Барон Роман Унгерн фон Штернберг был одним из главных сподвижников атамана Семенова. Последний отпрыск обедневшего рода тевтонских рыцарей, Унгерн родился на острове Даго, в Эстляндской губернии. Из морского кадетского корпуса он ушел добровольцем на русско-японскую войну. «За беззаветную доблесть и мужество», как было сказано в реляции, получил в награду солдатский георгиевский крест и был произведен в ефрейторы.

В 1908 году он закончил в Петербурге Павловское военное училище и в чине хорунжего был назначен в Забайкальское казачье войско, в котором незадолго до этого было уволено в отставку около ста офицеров, не выказавших достаточной преданности «престолу и отечеству» в революцию пятого года. На их места были назначены офицеры из дворянства. Так попали в Забайкалье князья Голицын и Ухтомский, граф Кутайсов и барон Врангель.

Летом 1910 года Первый Аргунский полк, в котором служил Унгерн, был направлен в Монголию для охраны русской дипломатической миссии в Урге. Там он близко сошелся с виднейшими монгольскими князьями и ламами, изучал туземный язык, религию, буддистов, читал их священные книги.

Во время империалистической войны Унгерн служил в сводной Забайкальско-Уссурийской казачьей дивизии. За бои в Восточной Пруссии был произведен в войсковые старшины. Но скоро военно-полевой суд приговорил его к трем годам крепости за избиение комендантского адъютанта в городе Тарнополе. Наказания по каким-то причинам он так и не отбыл. К этому времени относится аттестация, данная Унгерну его полковым командиром бароном Врангелем.

В ней было сказано: «Человек исключительной храбрости, он имеет в нравственном отношении весьма серьезный порок — постоянное пьянство. В состоянии опьянения способен на поступки, роняющие честь офицерского мундира, за что и был отчислен из полка в резерв чинов с понижением в звании».

Февральская революция застала Унгерна в Петрограде. Там он случайно встретился со своим старым знакомым есаулом Семеновым. Семенов был только что принят премьер-министром и главковерхом Керенским, предложил себя в распоряжение Временного правительства и получил задание немедленно ехать в Забайкальскую область и формировать бурят-монгольский конный полк для подавления революционных выступлений в крупнейших городах европейской России.

Унгерн считал величайшим бедствием и позором свержение царского самодержавия и готов был присоединиться к кому угодно, чтобы бороться с разнузданной чернью, как презрительно величал он русских рабочих и крестьян.
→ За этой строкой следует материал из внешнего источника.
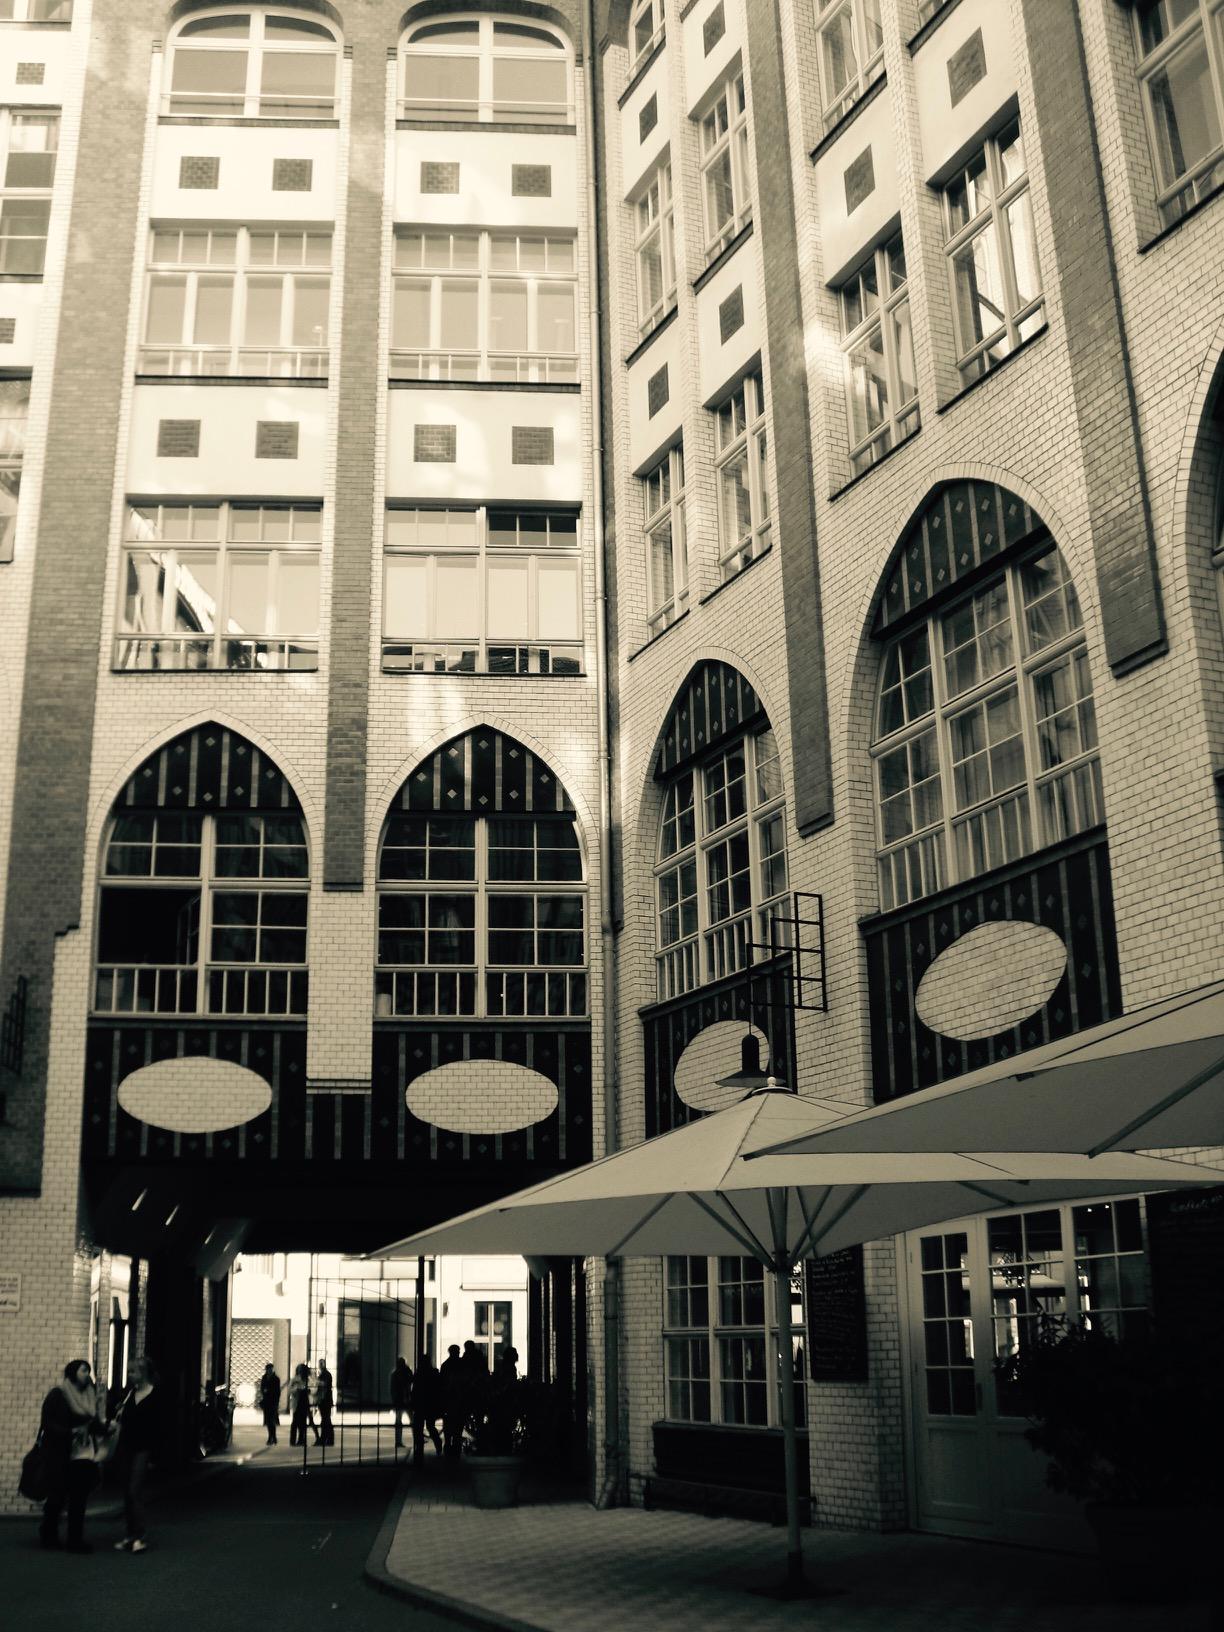 Blick in die Hackeschen Höfe, Berlin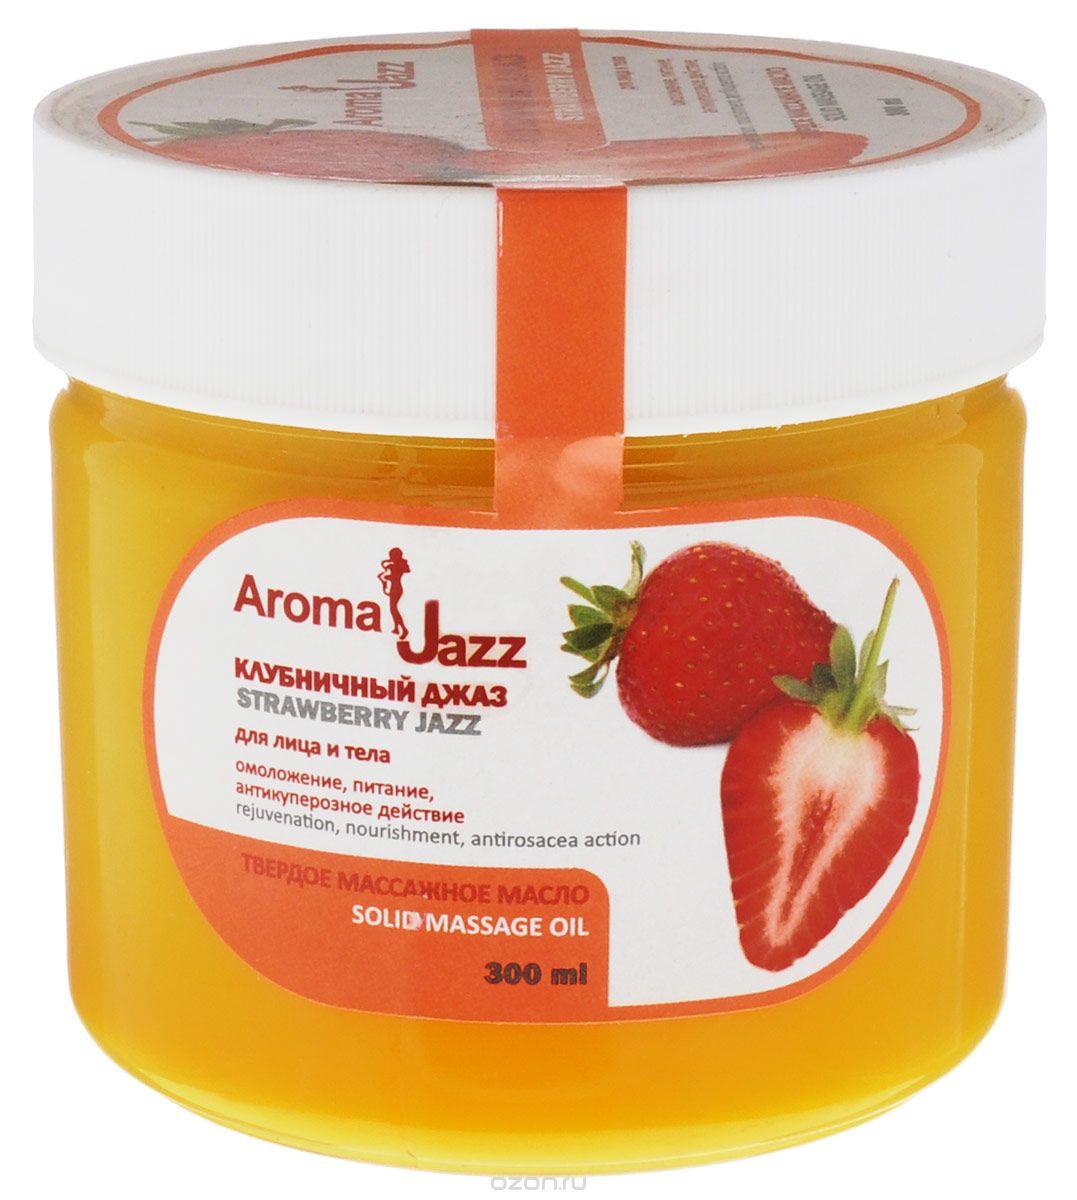 Aroma Jazz Твердое масло питательное Клубничный джаз, 300 мл0110Действие: масло моментально смягчает и успокаивает кожу, снижает выраженность сосудистой сетки и стимулирует микроциркуляцию крови. Масло интенсивно питает и успокаивает кожу, повышает ее способность удерживать влагу и барьерные функции, способствует устранению сухости и стянутости. Противопоказания: индивидуальная непереносимость компонентов продукта. Срок хранения: 24 месяца. После вскрытия упаковки использовать в течение 6 месяцев.

Он вызвался ехать вместе с Семеновым и быть его правой рукой.

Так свела судьба озлобленных, непримиримых в своей ненависти к революции, предпримчивых и жестоких людей. Кулак-живоглот и захудалый немецкий барон, оба они с неукротимой энергией готовились к борьбе с революционным народом.

В Забайкалье они ехали вместе с группой завербованных ими офицеров. Семенов был в офицерской форме, а Унгерн нарядился в вишневого цвета шелковый монгольский халат с солдатским «Георгием» на груди и погонами на плечах. С этим одеянием он не разлучался потом вплоть до бесславного конца своего в степях Монголии. Всю дорогу курил он серебряную трубку-ганзу с чубуком в пол-аршина, штудировал русско-монгольский словарь, разговаривал по-монгольски и по-бурятски с отлично знавшим эти языки Семеновым.

Когда они вдвоем выходили из поезда на остановках и прогуливались вдоль вагонов, все обращали внимание на эту странную и неразлучную пару. Коренастый большеголовый Семенов имел изрядную примесь монгольской крови. У него было широкое и мясистое с тупым подбородком лицо, глубоко посаженные в подлобья черно-коричневые глаза и кривые с толстыми икрами ноги кавалериста. Полной противоположностью ему был долговязый и белобрысый барон. Он был на три года старше Семенова, а казался гораздо моложе. Держался подчеркнуто прямо. Небольшую, на длинной шее голову его покрывали белесые реденькие волосы. Довольно красивое лицо безнадежно портили бледные, молочно-голубые глаза. Когда был трезвым и спокойным, они бездумно и размывчато голубели, но стоило ему напиться, как застилало их белым туманом. Бессмысленно и тупо таращил он их на собутыльника, заставляя того робеть и отодвигаться подальше от хмельного барона. В гневе глаза его делались безумными глазами убийцы. Холодная змеиная сила их давила, гипнотизировала далеко не малодушных людей.

В дороге скрытный и сдержанный Семенов хорошо узнал, чем живет и дышит его одержимый спутник. Главным злом на свете Унгерн считал капитализм.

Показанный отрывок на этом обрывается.